Please restate word for word the lines of the entries below from the one with "The emblematic establishment" to the one with "Ben Whishaw dressed", inclusive, and leave out every picture.
[Records for the task]
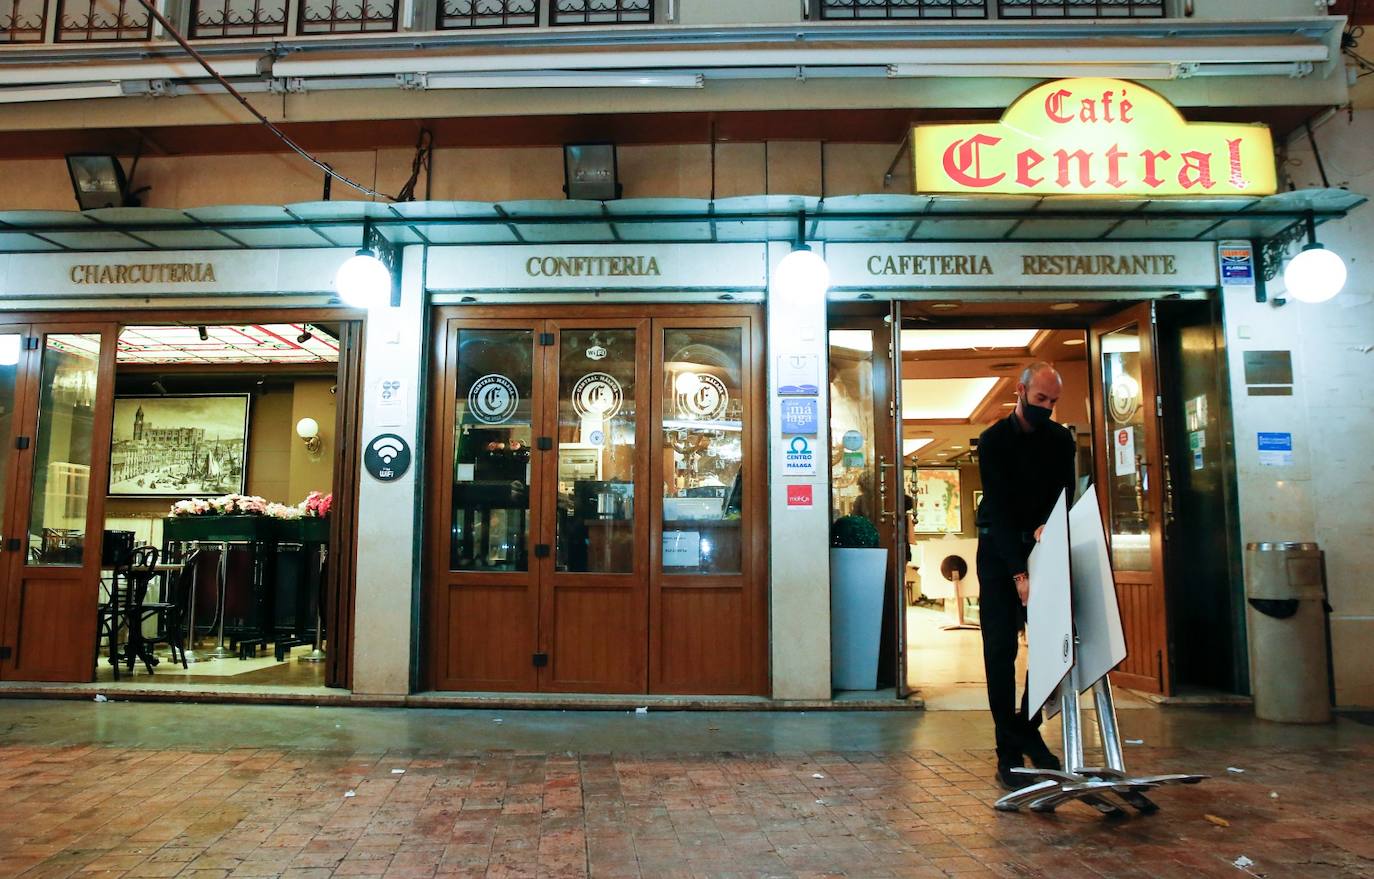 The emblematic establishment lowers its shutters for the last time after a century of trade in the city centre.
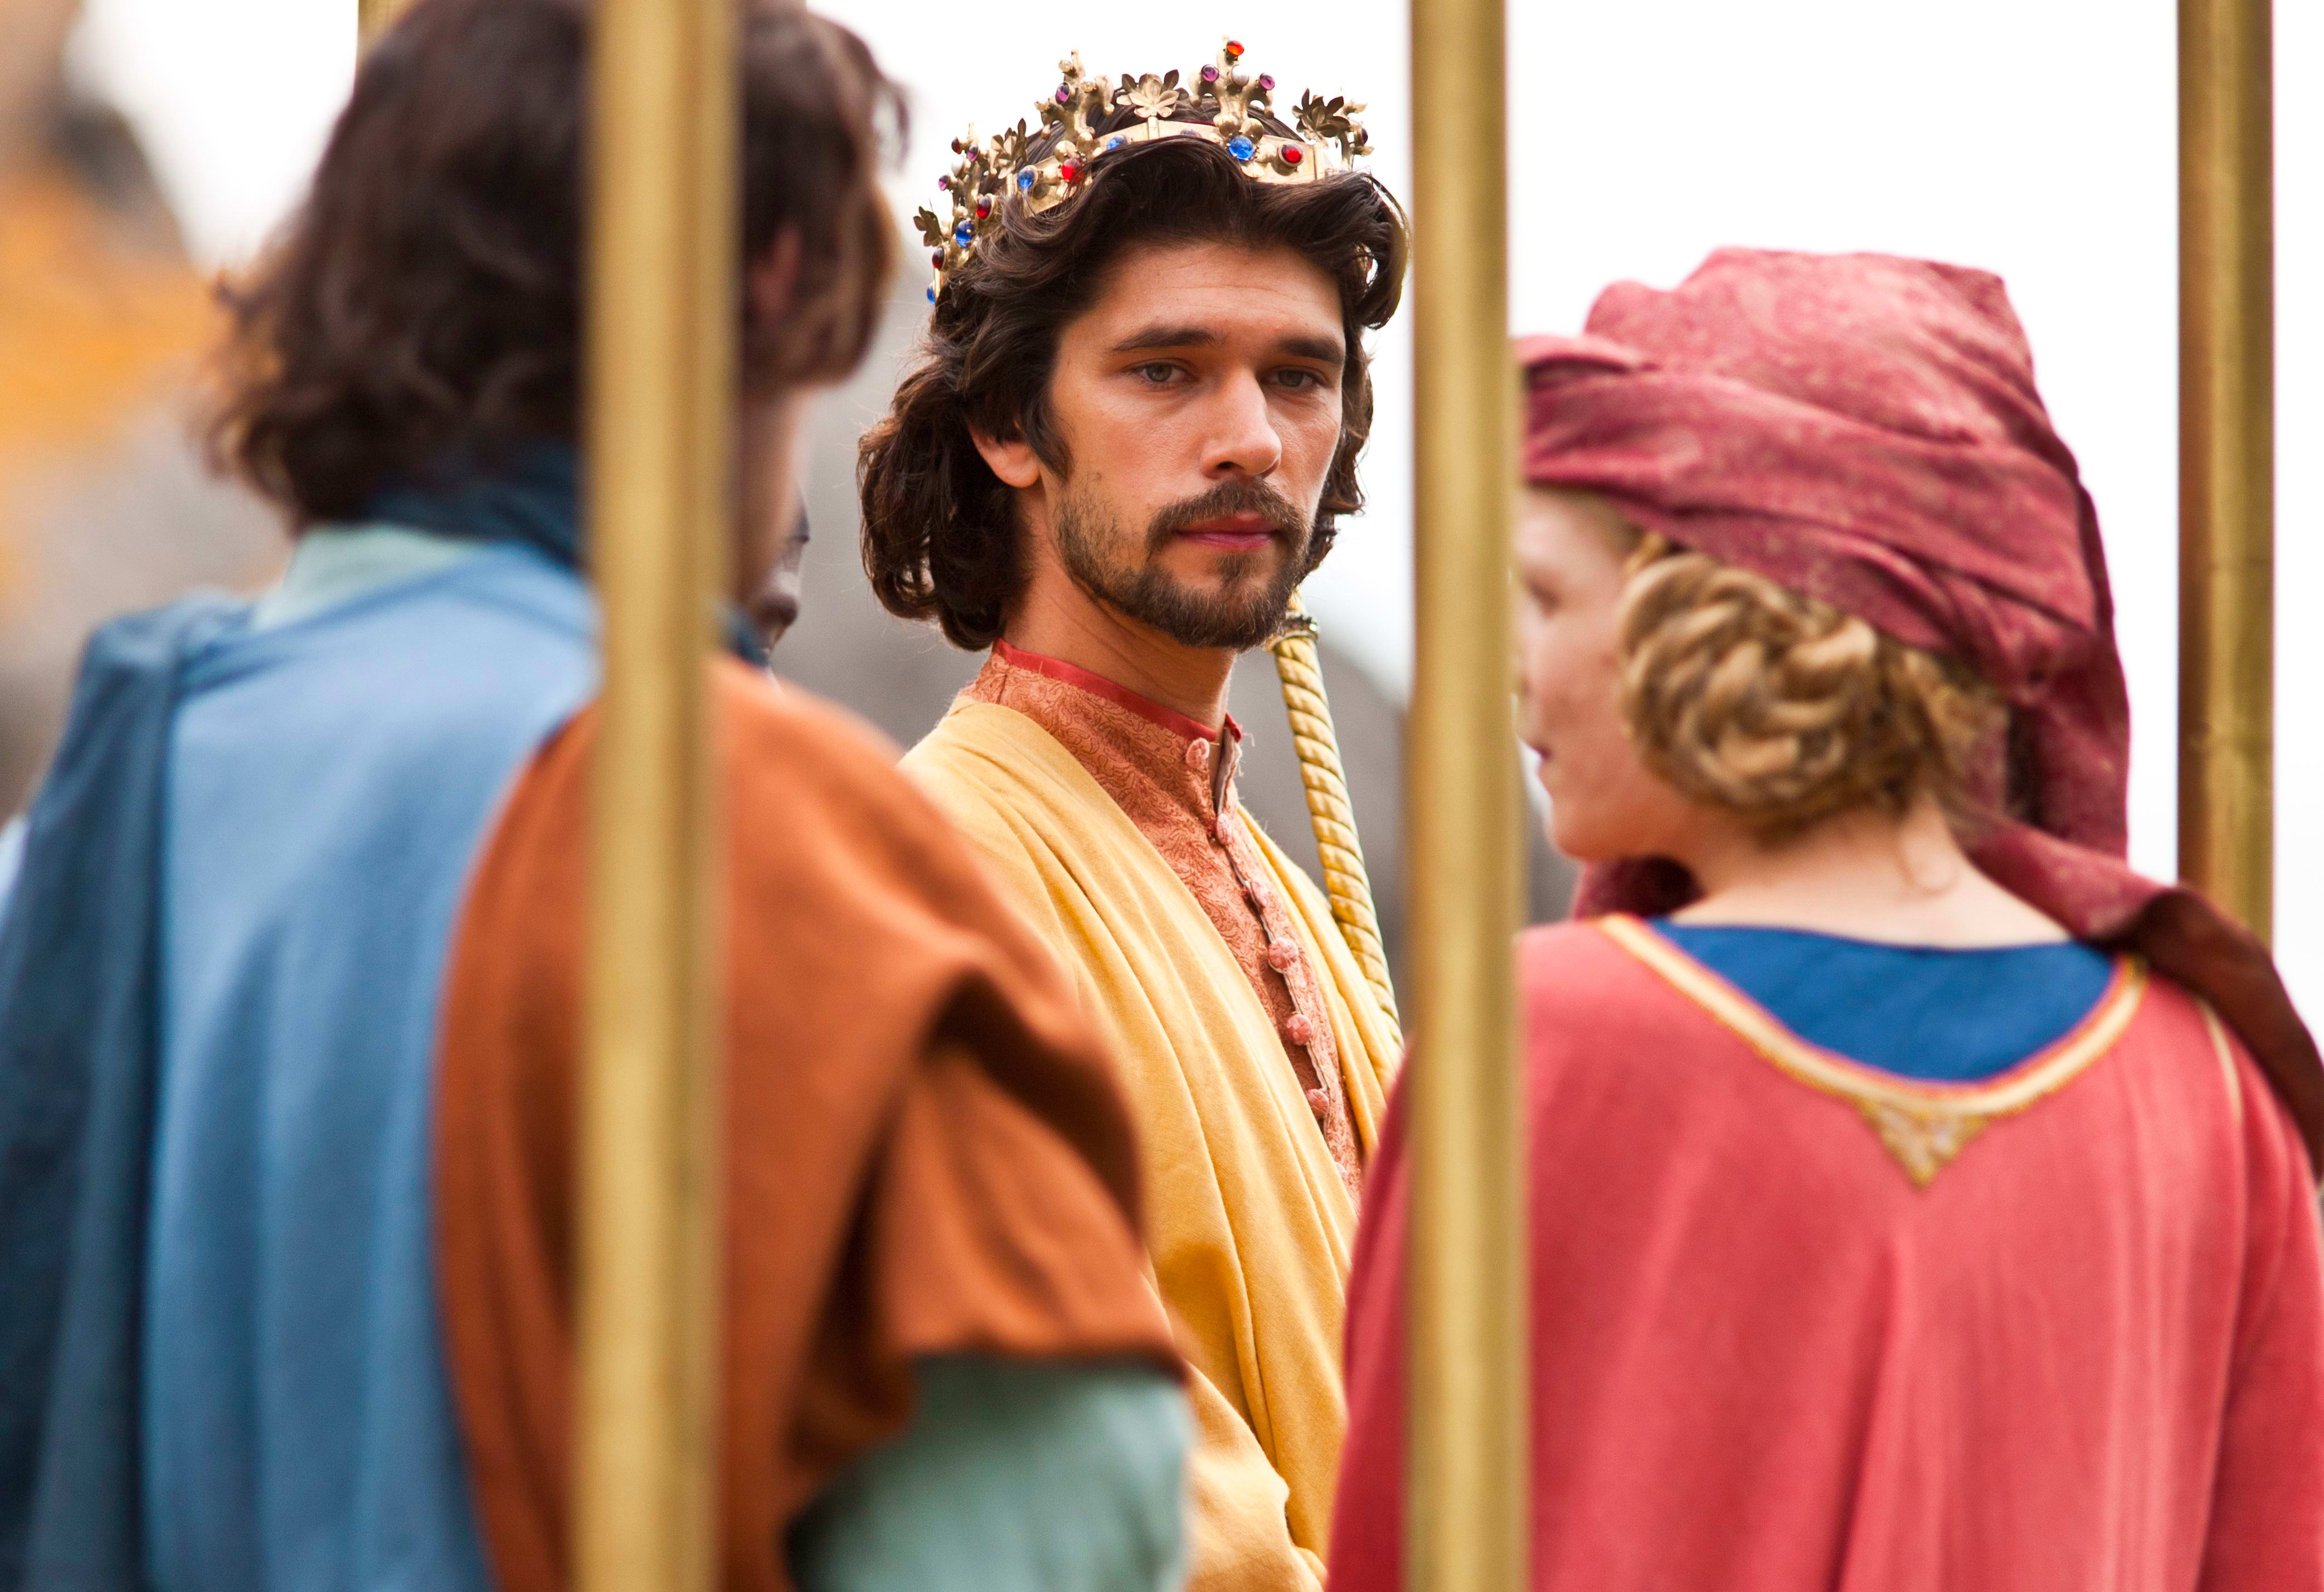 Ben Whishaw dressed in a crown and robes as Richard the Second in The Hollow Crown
[/Records for the task]
[Records for the task]
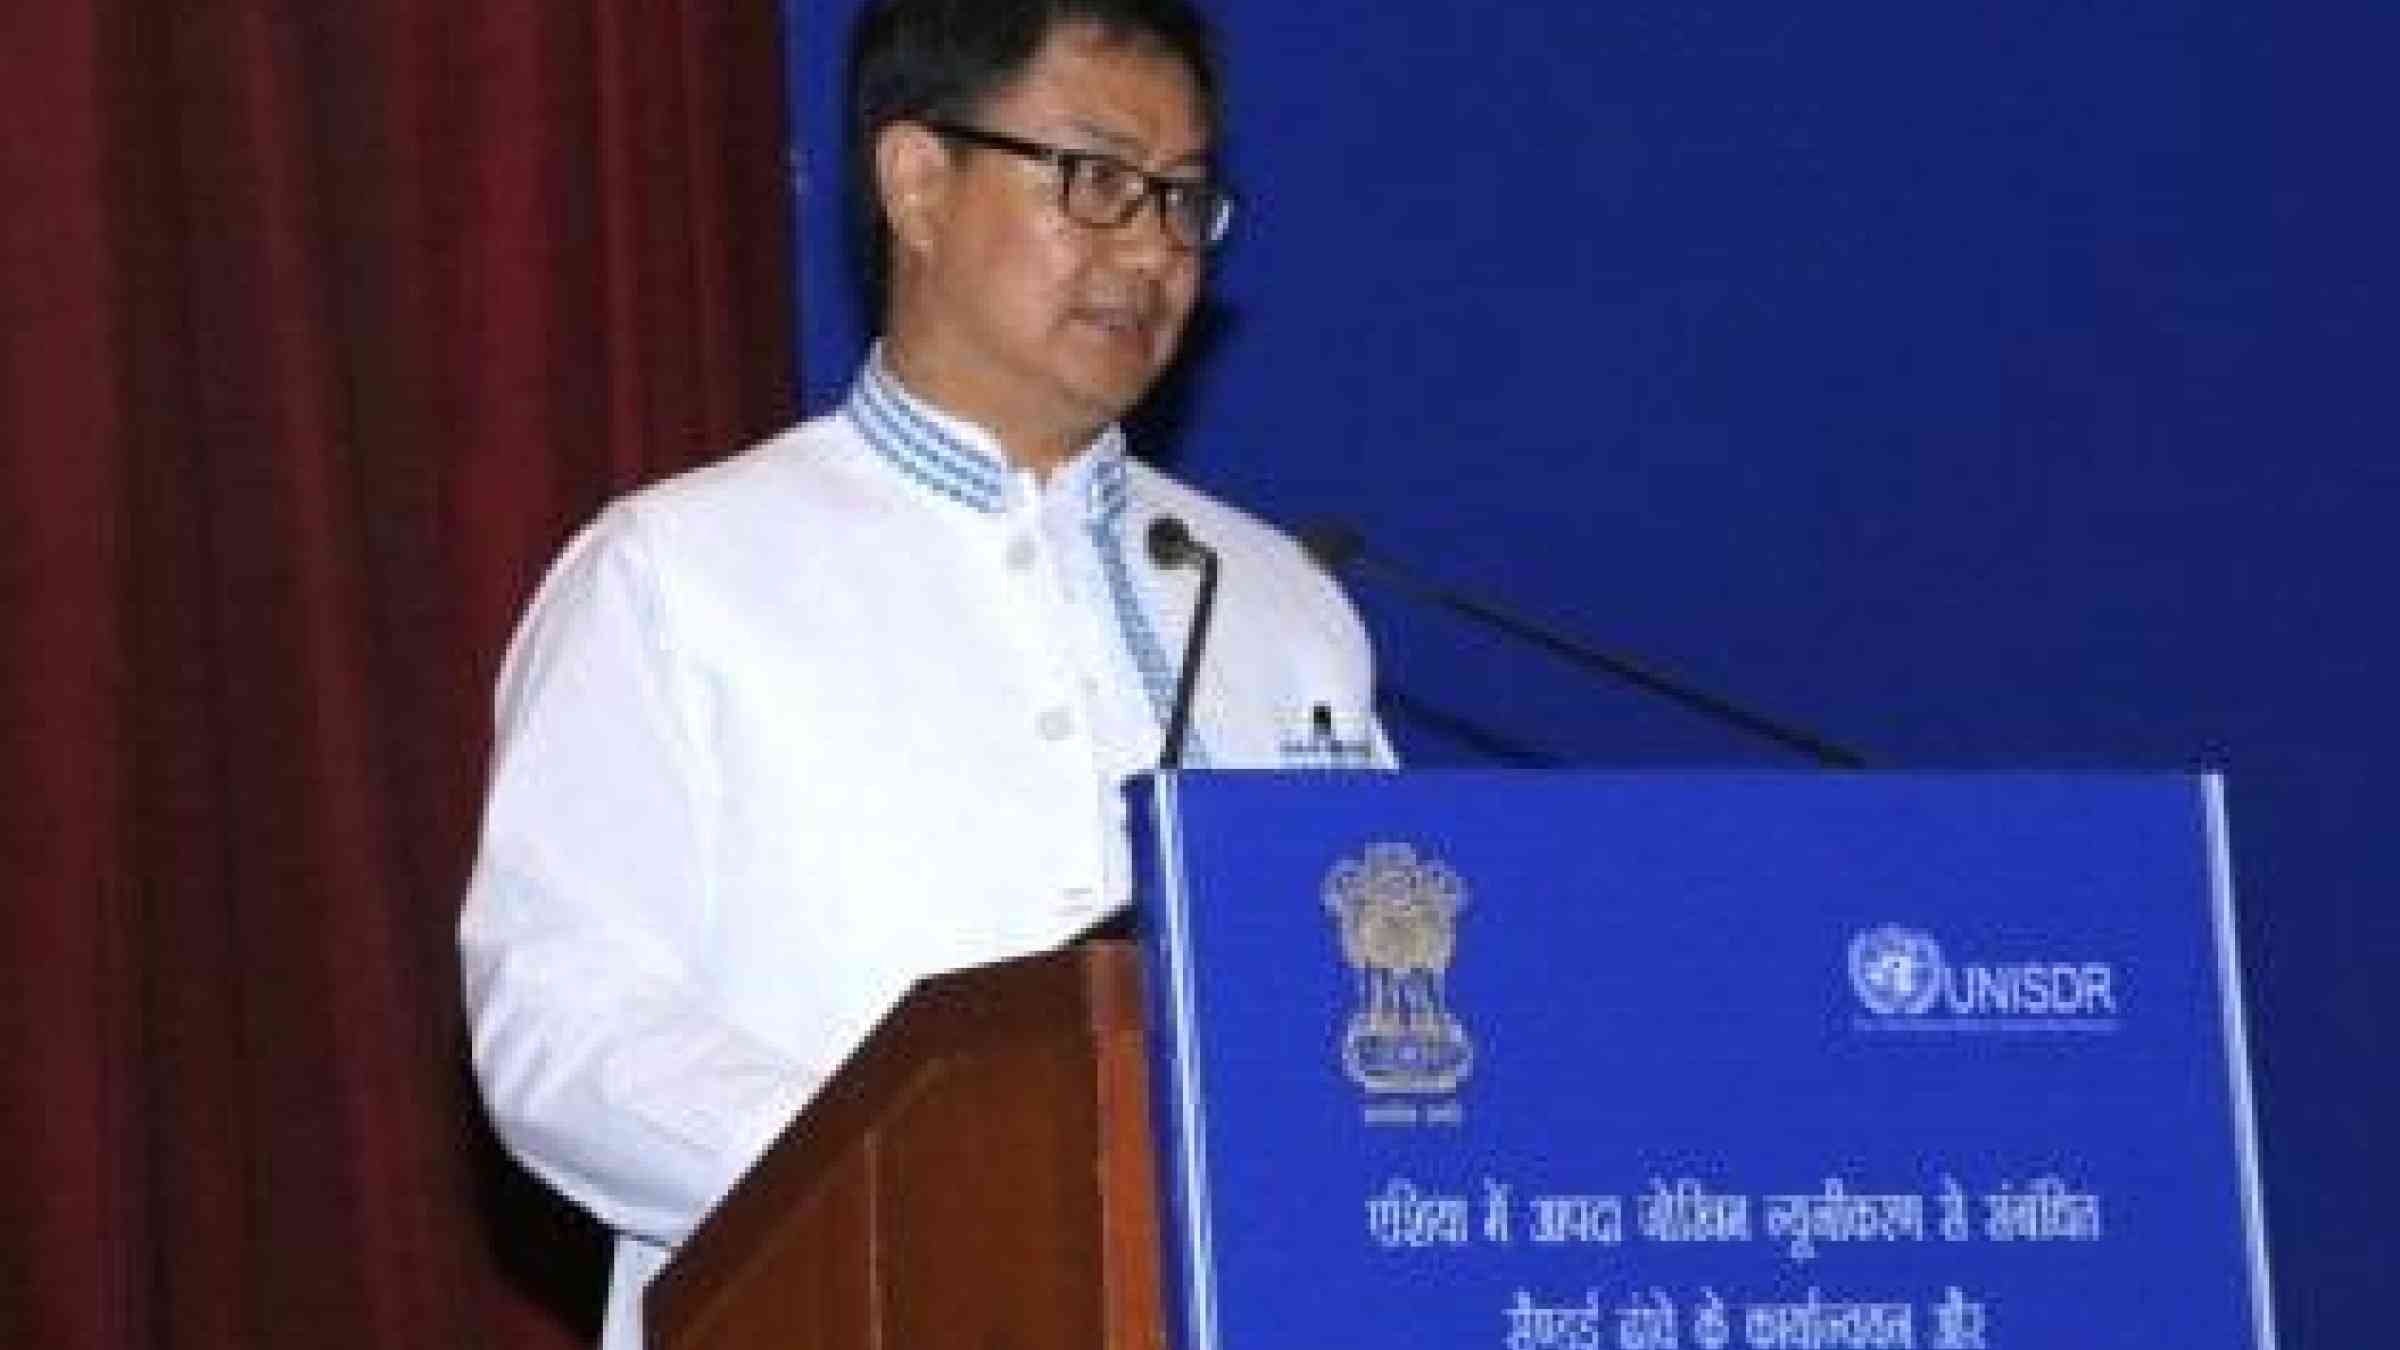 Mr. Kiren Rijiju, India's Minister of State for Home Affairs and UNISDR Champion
[/Records for the task]
_Answer for the task_
 The emblematic establishment lowers its shutters for the last time after a century of trade in the city centre.
 Ben Whishaw dressed in a crown and robes as Richard the Second in The Hollow Crown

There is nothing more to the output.